To place the ASVs we will first run q2-fragment-insertion against the PICRUSt2 reference multiple-sequence alignment and phylogeny. Note that using this sequence placement approach differs from the default PICRUSt2 pipeline, but is easier to integrate with the QIIME2 framework. Note that you need to place your ASVs into the PICRUSt2 reference files - if you place your ASVs into the default SEPP reference files you will get downstream errors. The two reference files used here are the same ones you would use with your own data. Download the reference files and place the study sequences into the tree:

wget http://kronos.pharmacology.dal.ca/public_files/tutorial_datasets/picrust2_tutorial_files/reference.fna.qza

wget http://kronos.pharmacology.dal.ca/public_files/tutorial_datasets/picrust2_tutorial_files/reference.tre.qza

qiime fragment-insertion sepp --i-representative-sequences mammal_seqs.qza \
                              --p-threads 1 --i-reference-alignment reference.fna.qza \
                              --i-reference-phylogeny reference.tre.qza \
                              --output-dir tutorial_placed_out

Now that we have our placed ASVs we can run qiime picrust2 custom-tree-pipeline. There are many options available for the standalone PICRUSt2 version, but currently only selecting the number of threads (--p-threads), hidden-state prediction (HSP) method (--p-hsp-method), and maximum NSTI value (--p-max-nsti) are specified.

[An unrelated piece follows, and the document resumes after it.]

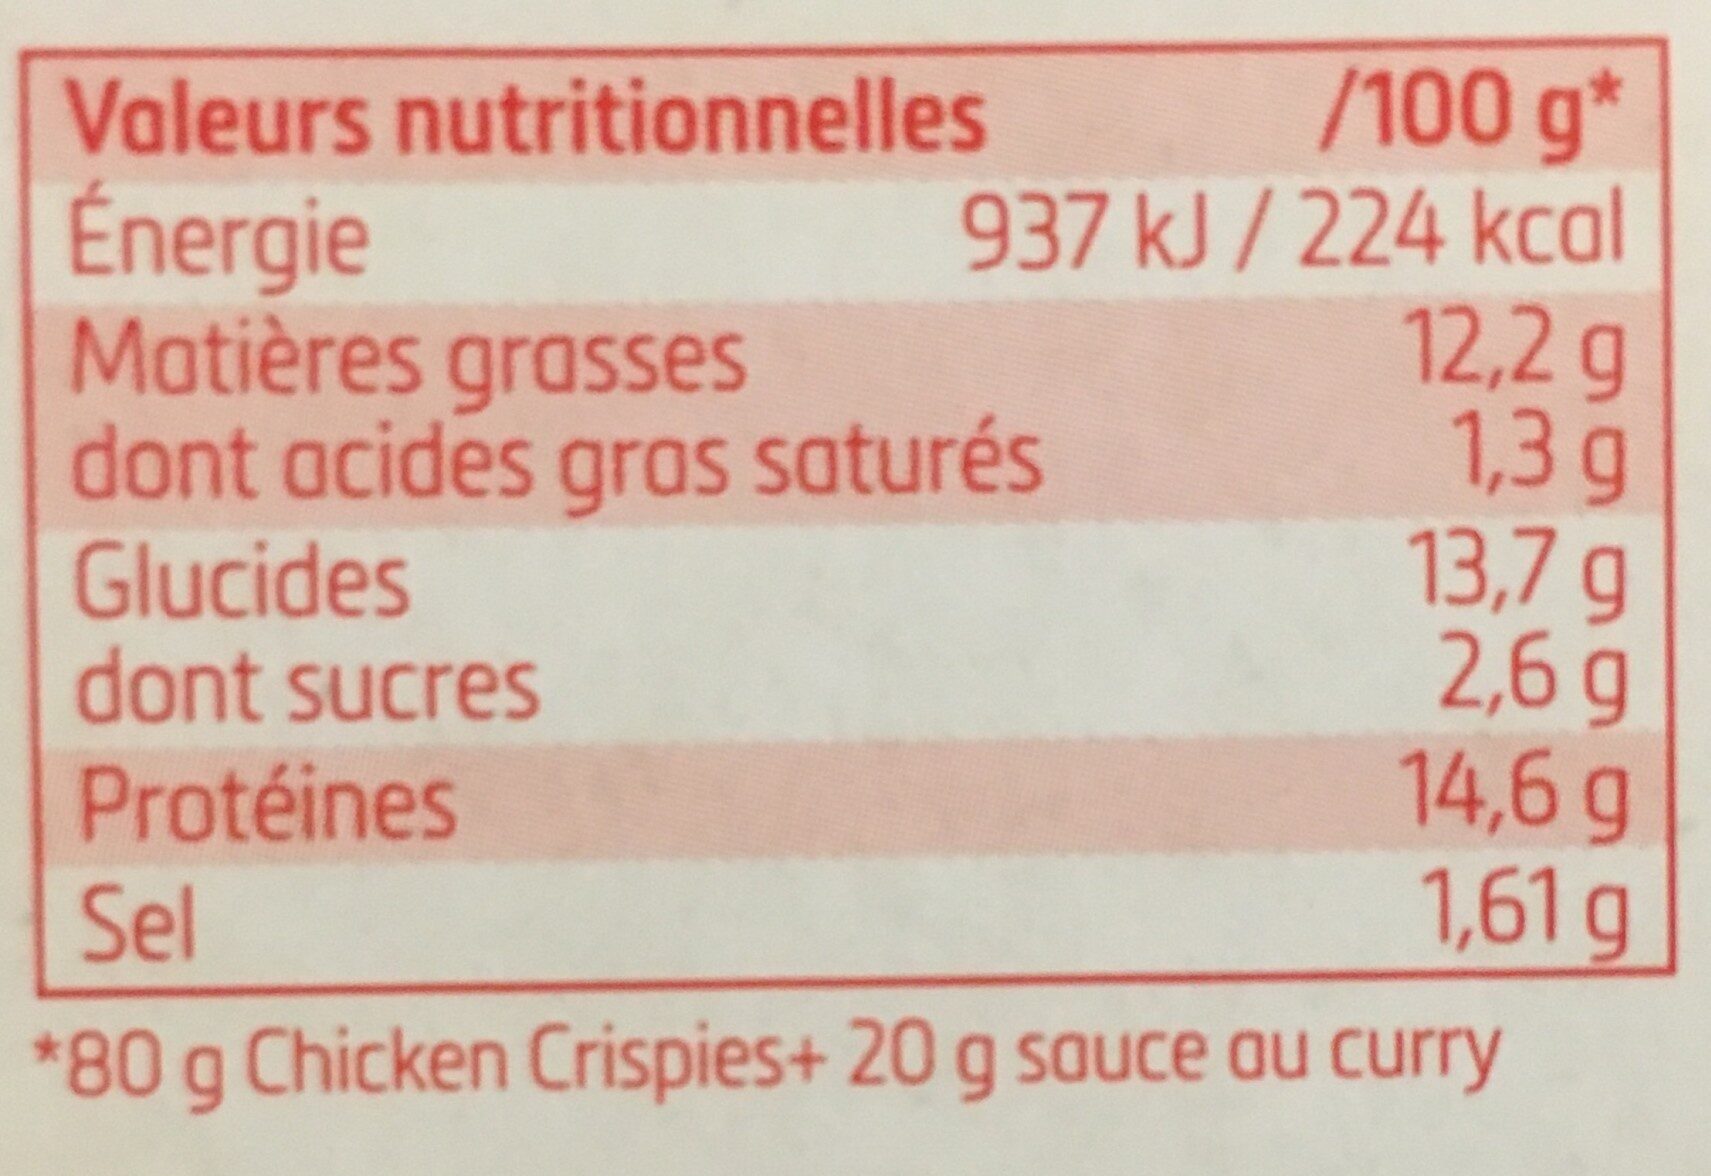 Chicken Crispies - Tableau nutritionnel

The --p-max-nsti option specifies how distantly placed a sequence needs to be in the reference phylogeny before it is excluded. The default cut-off is 2. In human datasets used for testing PICRUSt2 the only ASVs above this default cut-off were 18S sequences erroneously in 16S datasets, which suggests this cut-off is highly lenient. For environmental datasets a higher proportion of ASVs may be thrown out based on this default cut-off (Douglas et al. In Prep).

You can run the full PICRUSt2 pipeline with this command (should take ~17 min and 5GB of RAM - this will be much faster if you can set more threads). Note in this case the pic the phylogenetic independent contrast hidden-state prediction method is indicated since it is fastest. However, we recommend that in practice users use the mp method (~40 min on 1 thread for this example).

qiime picrust2 custom-tree-pipeline --i-table mammal_biom.qza \
                                    --i-tree tutorial_placed_out/tree.qza \
                                    --output-dir q2-picrust2_output \
                                    --p-threads 1 --p-hsp-method pic \
                                    --p-max-nsti 2

The output artifacts of this command are the red boxes in the flowchart here. In addition, MetaCyc pathway coverages will also be output, which could help advanced users interpret the pathway completeness, but will not be used by most users.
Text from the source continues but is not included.